### Data
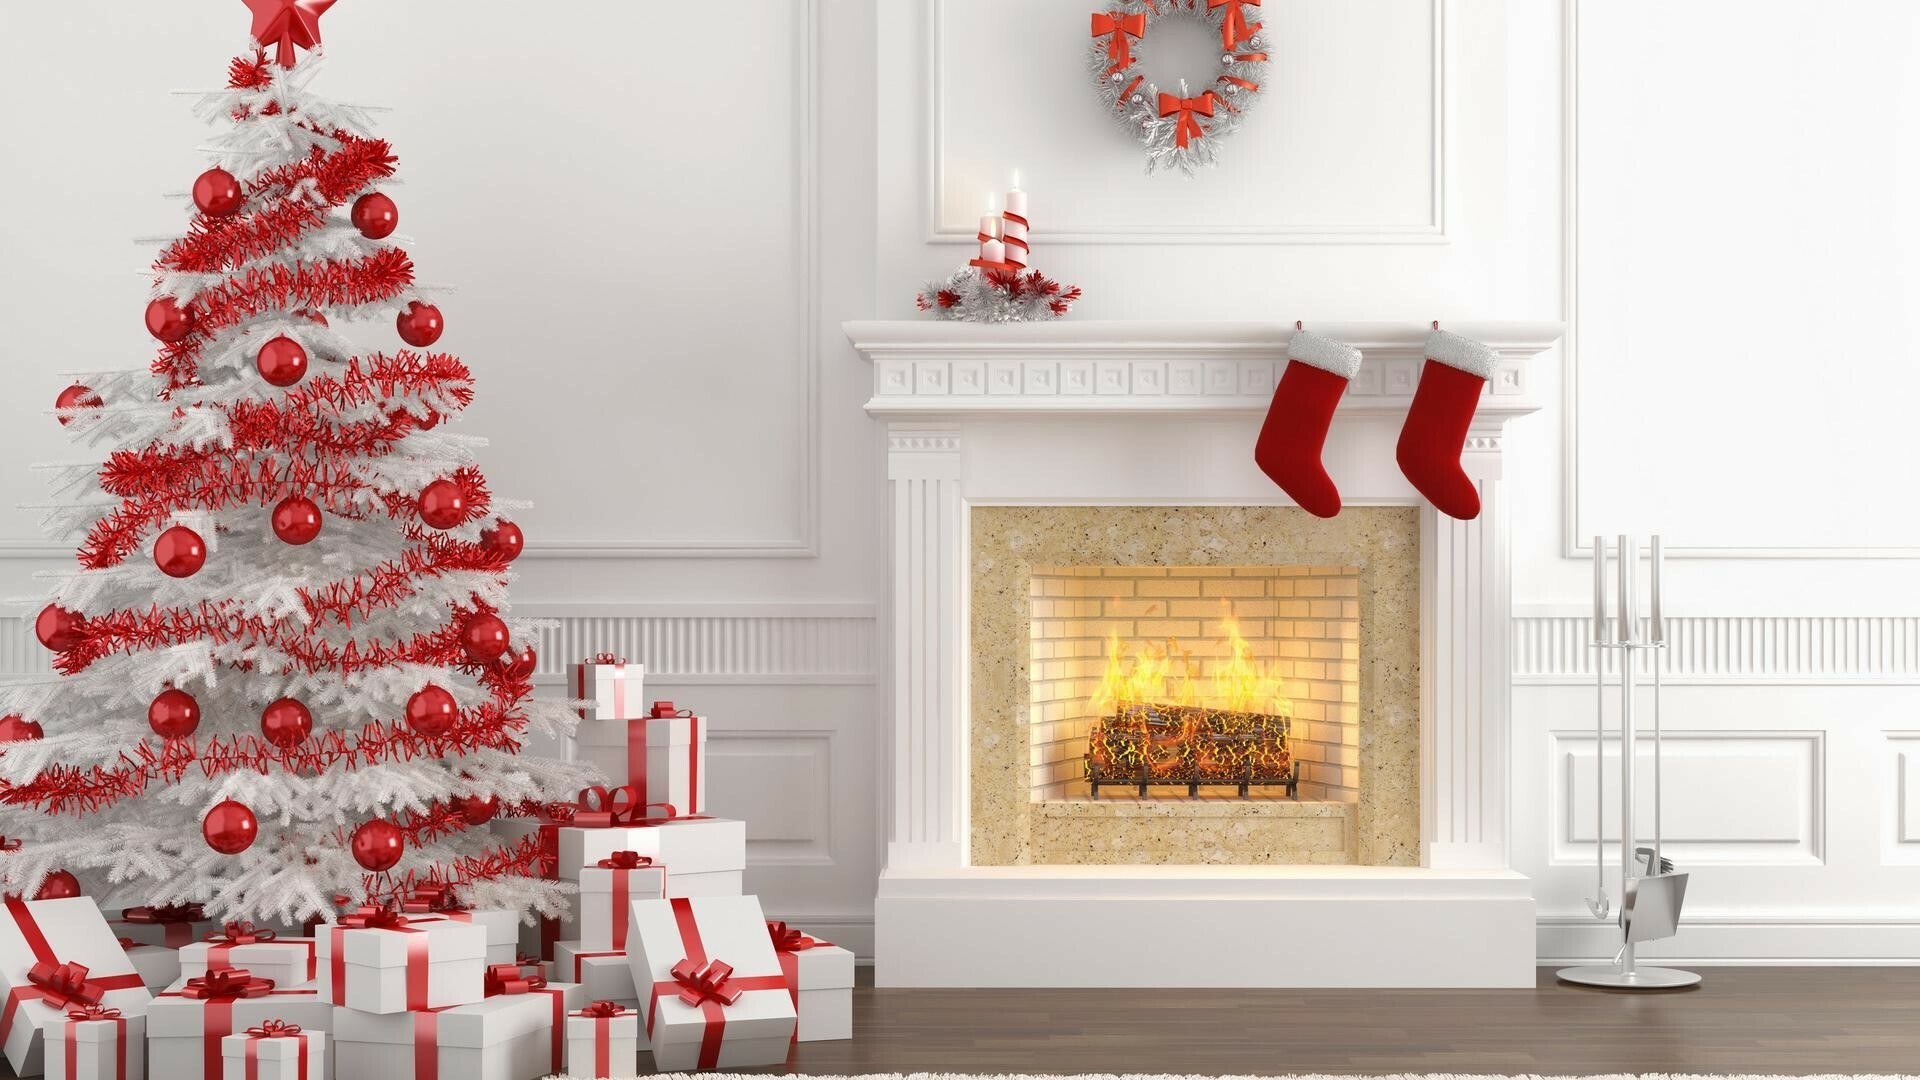 Christmas Fireplace: Red and white style decorations, A mountain of gifts, Chimney. 1920x1080 Full HD Wallpaper.
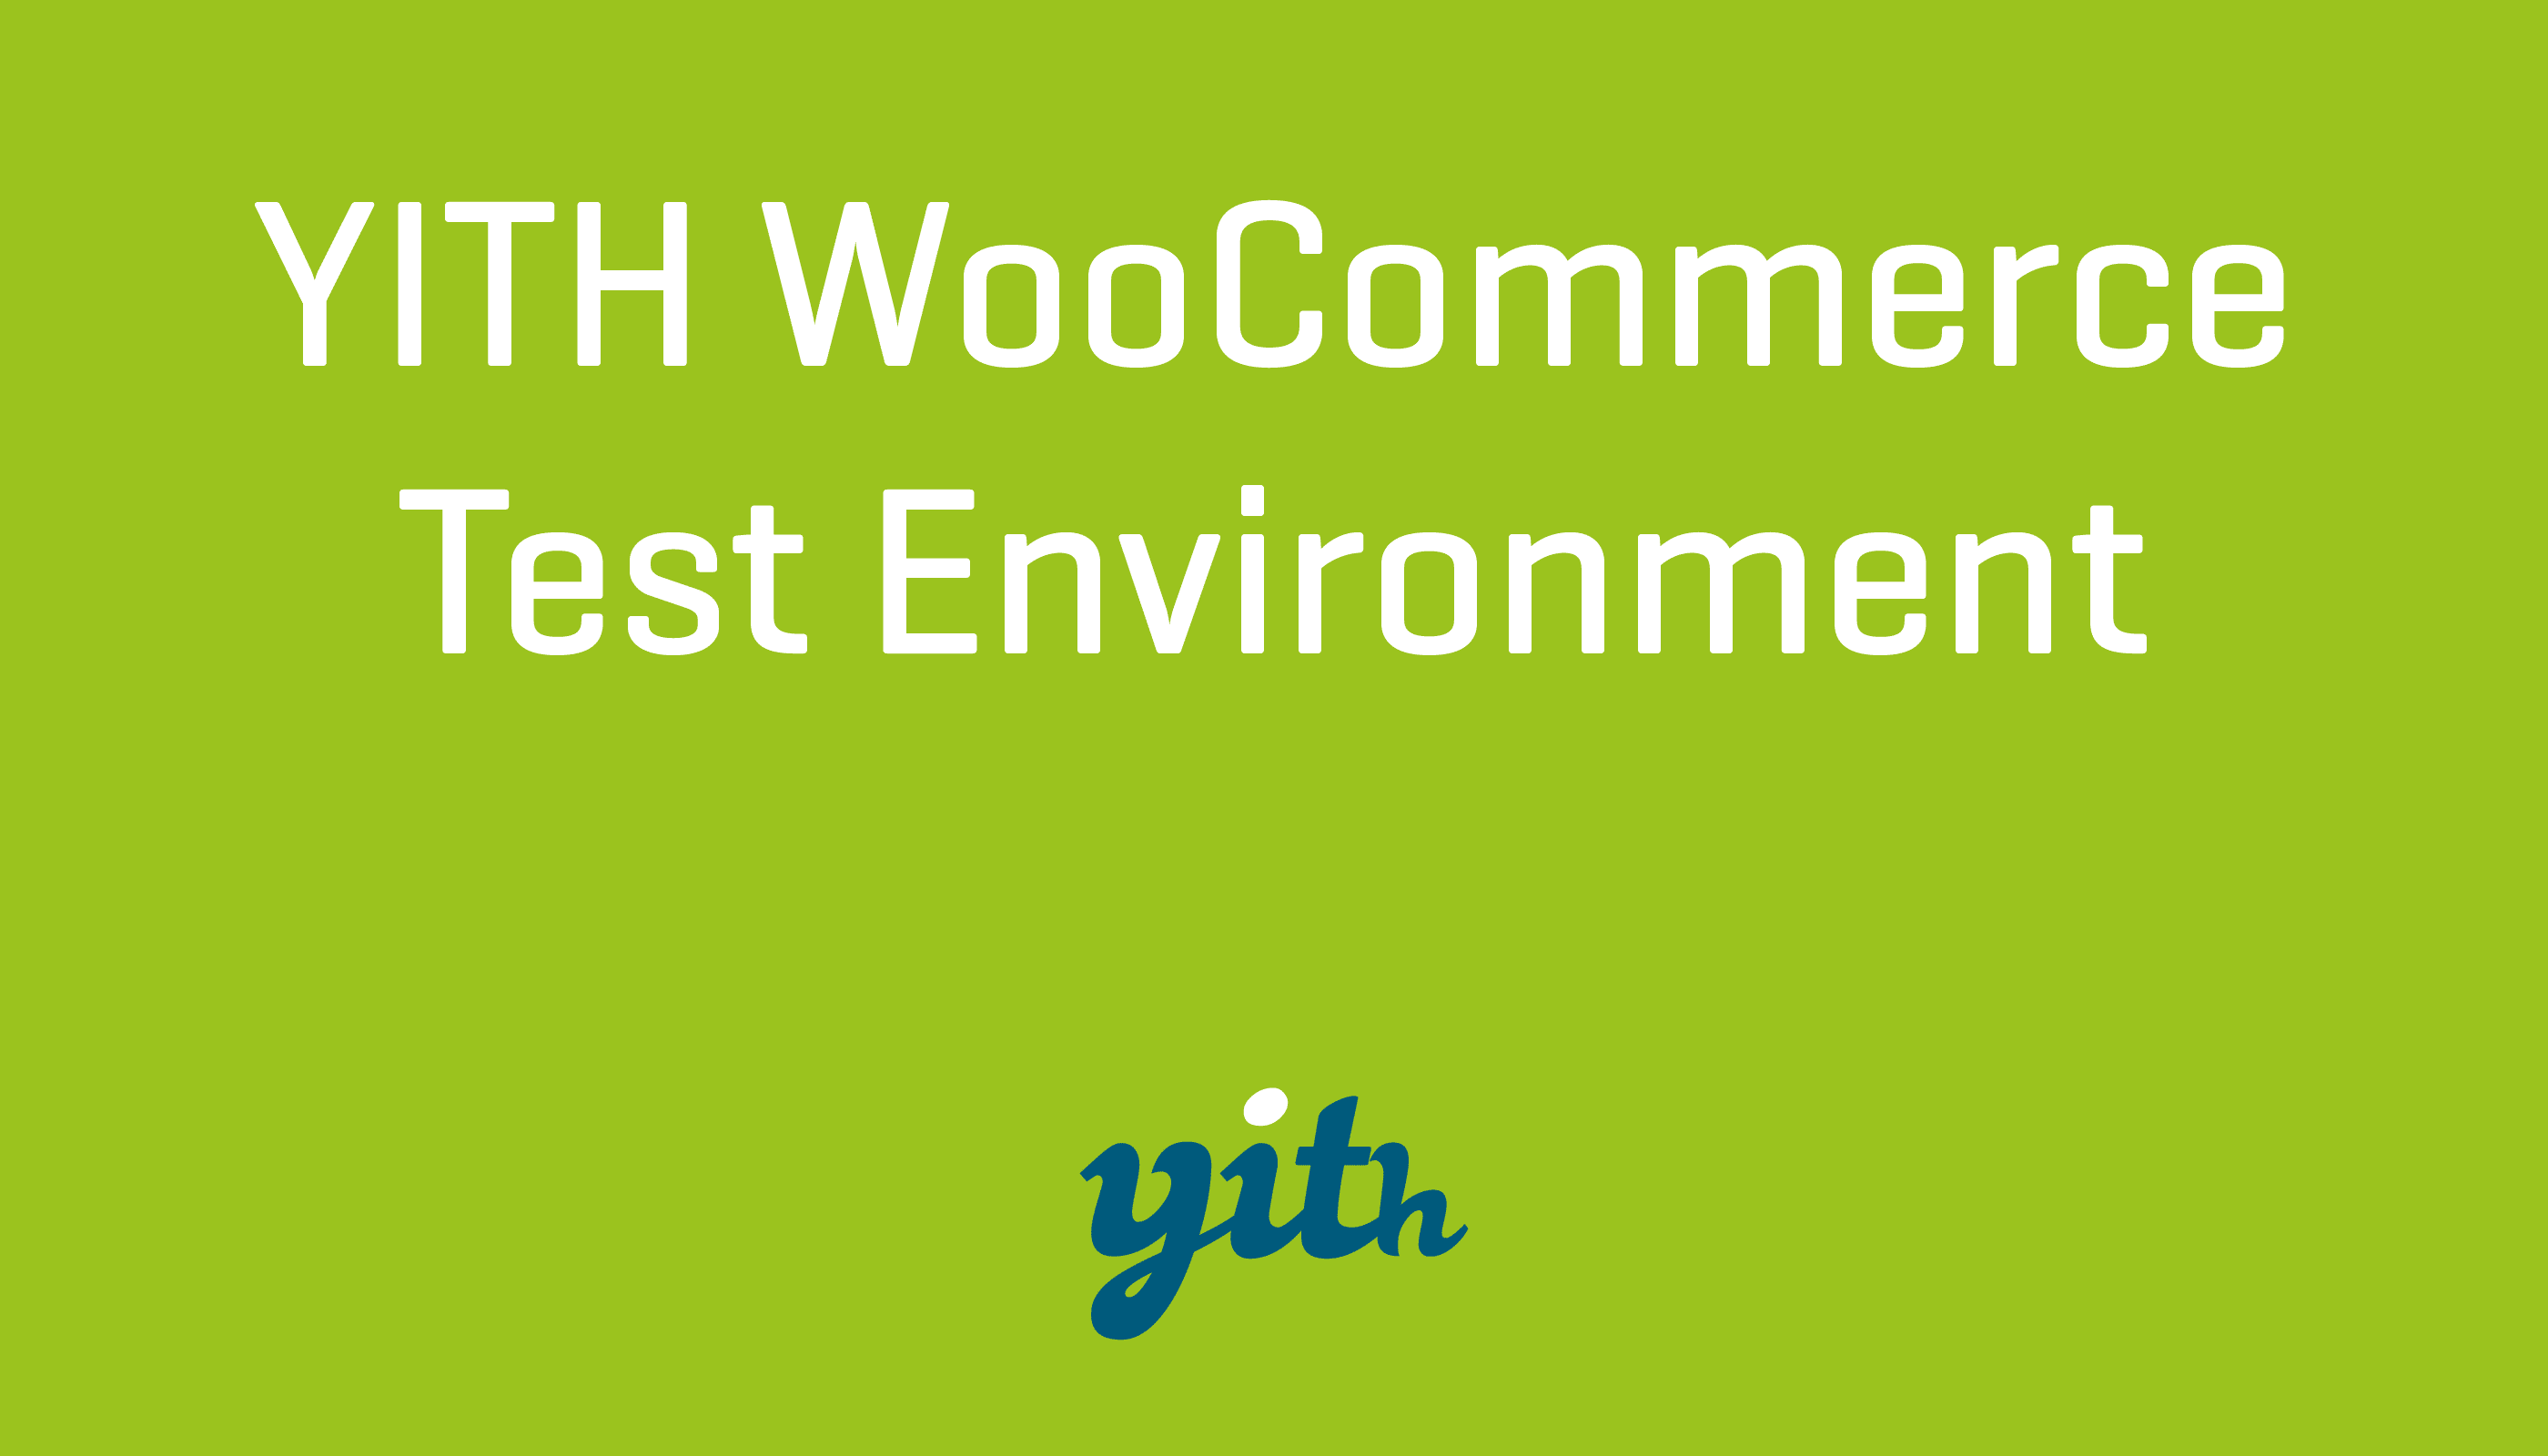 YITH WooCommerce Test Environment
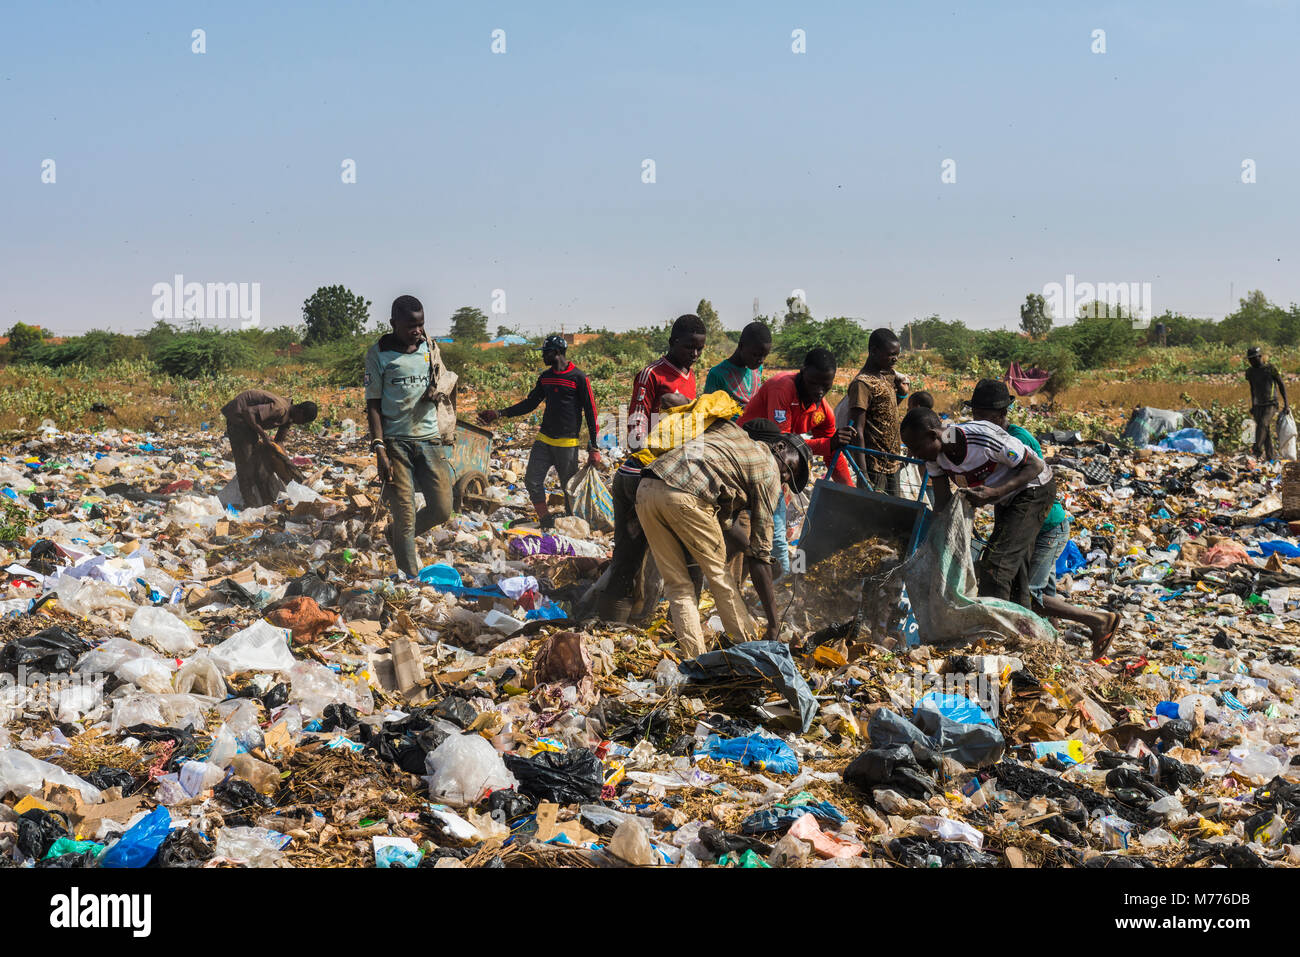 Local boys looking for valuables in the public rubbish dump, Niamey, Niger, Africa Stock Photo
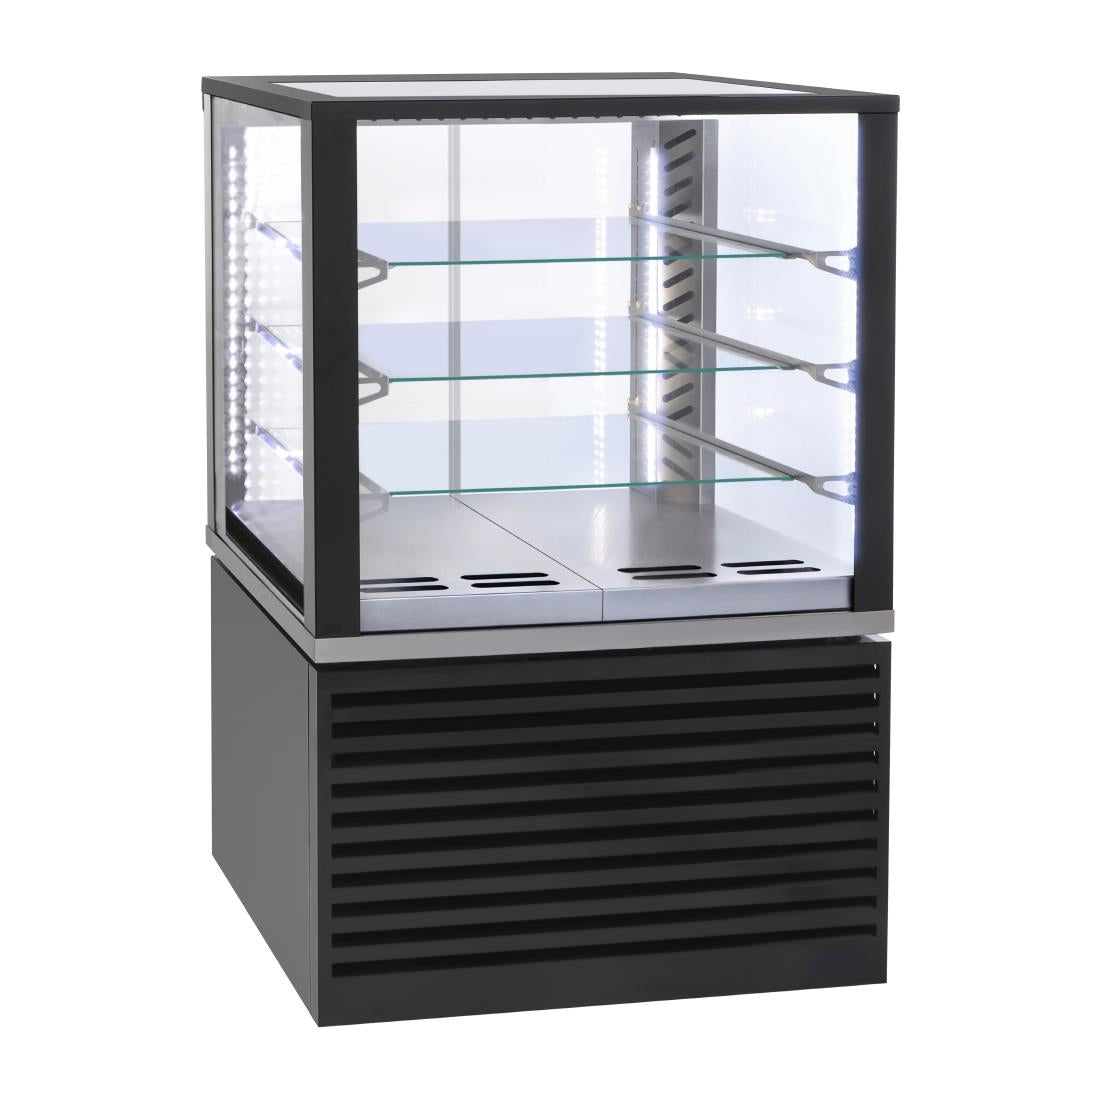 CH131 Roller Grill Panoramic Refrigerated Display Cabinet FSC800 Black JD Catering Equipment Solutions Ltd
######
▶ **Work order**
Each line of the data needs to be output exactly, with any image excluded.

▶ **Your response**
 Christmas Fireplace: Red and white style decorations, A mountain of gifts, Chimney. 1920x1080 Full HD Wallpaper.
 YITH WooCommerce Test Environment
 Local boys looking for valuables in the public rubbish dump, Niamey, Niger, Africa Stock Photo
 CH131 Roller Grill Panoramic Refrigerated Display Cabinet FSC800 Black JD Catering Equipment Solutions Ltd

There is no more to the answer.